Partitioning of the keys of the intermediate map output is controlled by the Partitioner. By hash function, key (or a subset of the key) is used to derive the partition. According to the key-value each mapper output is partitioned and records having the same key value go into the same partition (within each mapper), and then each partition is sent to a reducer. Partition class determines which partition a given (key, value) pair will go. Partition phase takes place after map phase and before reduce phase.
MapReduce job takes an input data set and produces the list of the key-value pair which is the result of map phase in which input data is split and each task processes the split and each map, output the list of key-value pairs. Then, the output from the map phase is sent to reduce task which processes the user-defined reduce function on map outputs. But before reduce phase, partitioning of the map output take place on the basis of the key and sorted.
This partitioning specifies that all the values for each key are grouped together and make sure that all the values of a single key go to the same reducer, thus allows even distribution of the map output over the reducer. Partitioner in Hadoop MapReduce redirects the mapper output to the reducer by determining which reducer is responsible for the particular key.
The total number of Partitioners that run in Hadoop is equal to the number of reducers i.e. Partitioner will divide the data according to the number of reducers which is set by JobConf.setNumReduceTasks() method. Thus, the data from single partitioner is processed by a single reducer.
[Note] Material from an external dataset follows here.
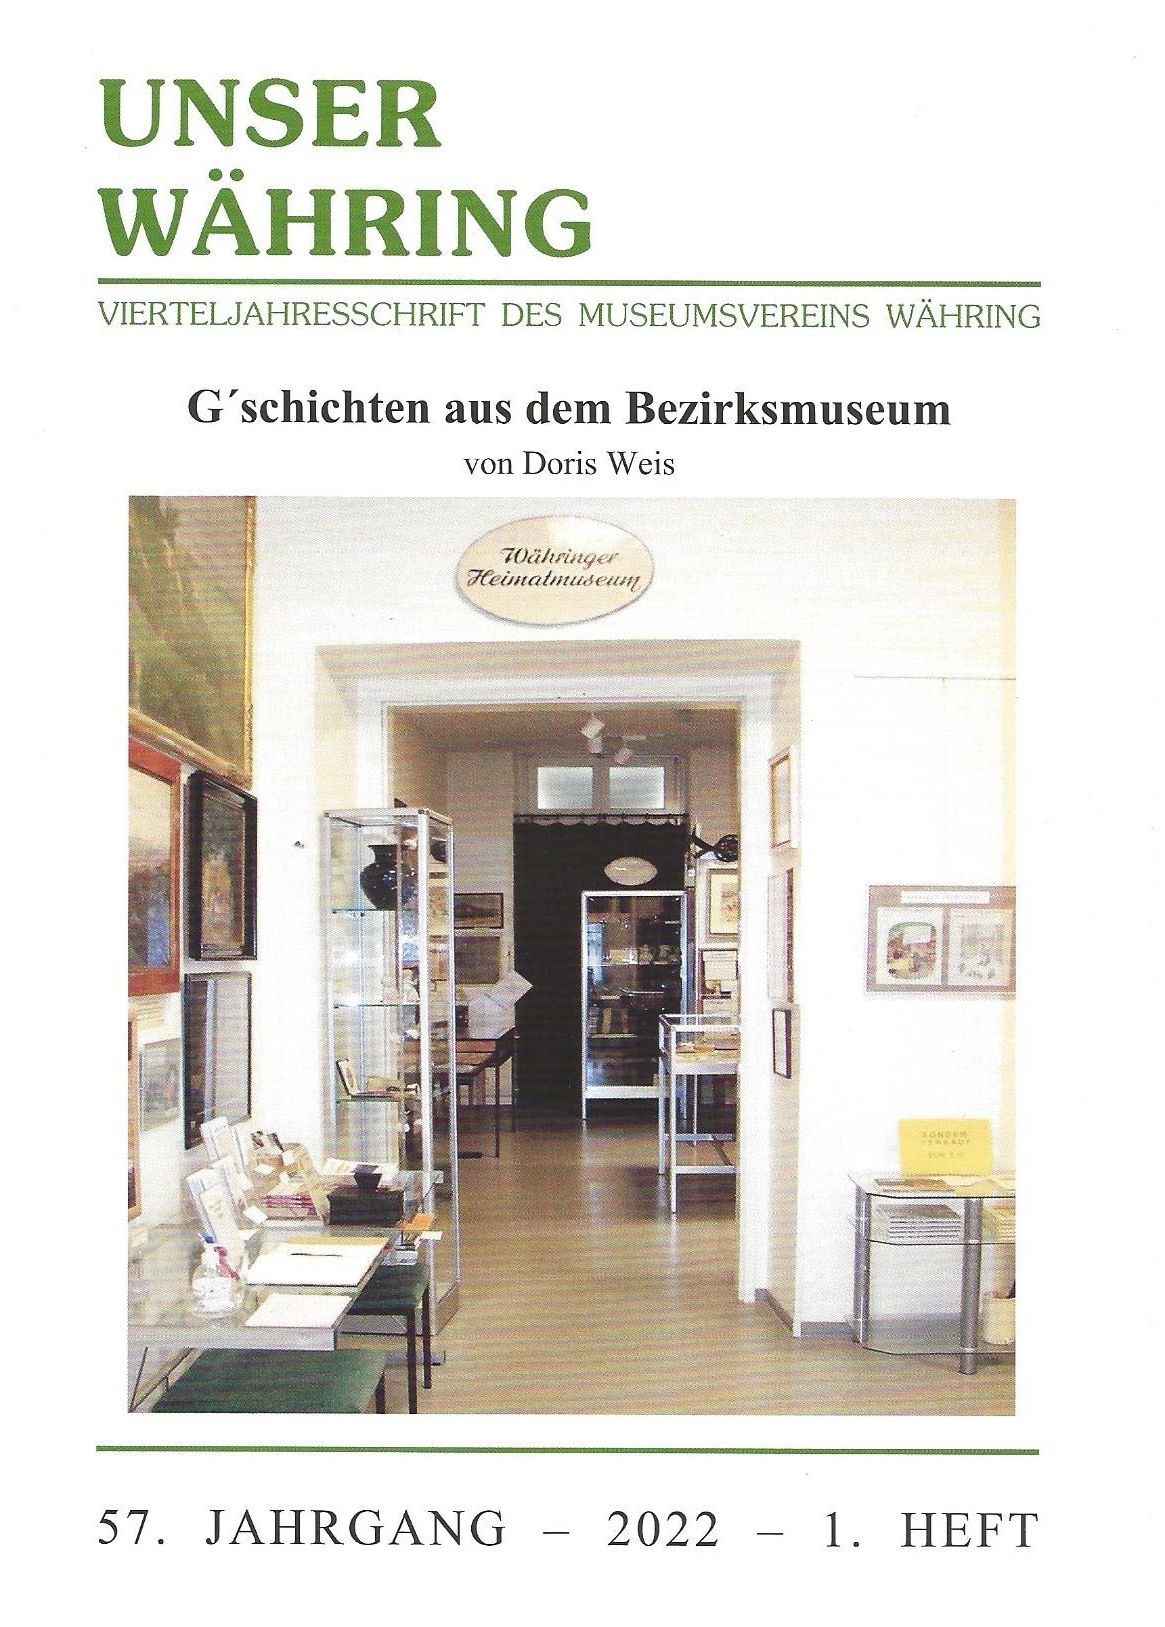 Publikation: G'schichten aus dem Bezirksmuseum, Bezirksmuseum Währing

And partitioner is created only when there are multiple reducers.
The Default Hadoop partitioner in Hadoop MapReduce is Hash Partitioner which computes a hash value for the key and assigns the partition based on this result. If in data input one key appears more than any other key. In such case, we use two mechanisms to send data to partitions.
- The key appearing more will be sent to one partition.
- All the other key will be sent to partitions according to their hashCode().
But if hashCode() method does not uniformly distribute other keys data over partition range, then data will not be evenly sent to reducers. Poor partitioning of data means that some reducers will have more data input than other i.e. they will have more work to do than other reducers. So, the entire job will wait for one reducer to finish its extra-large share of the load.
How to overcome poor partitioning in MapReduce?
To overcome poor partitioner in Hadoop MapReduce, we can create Custom partitioner, which allows sharing workload uniformly across different reducers.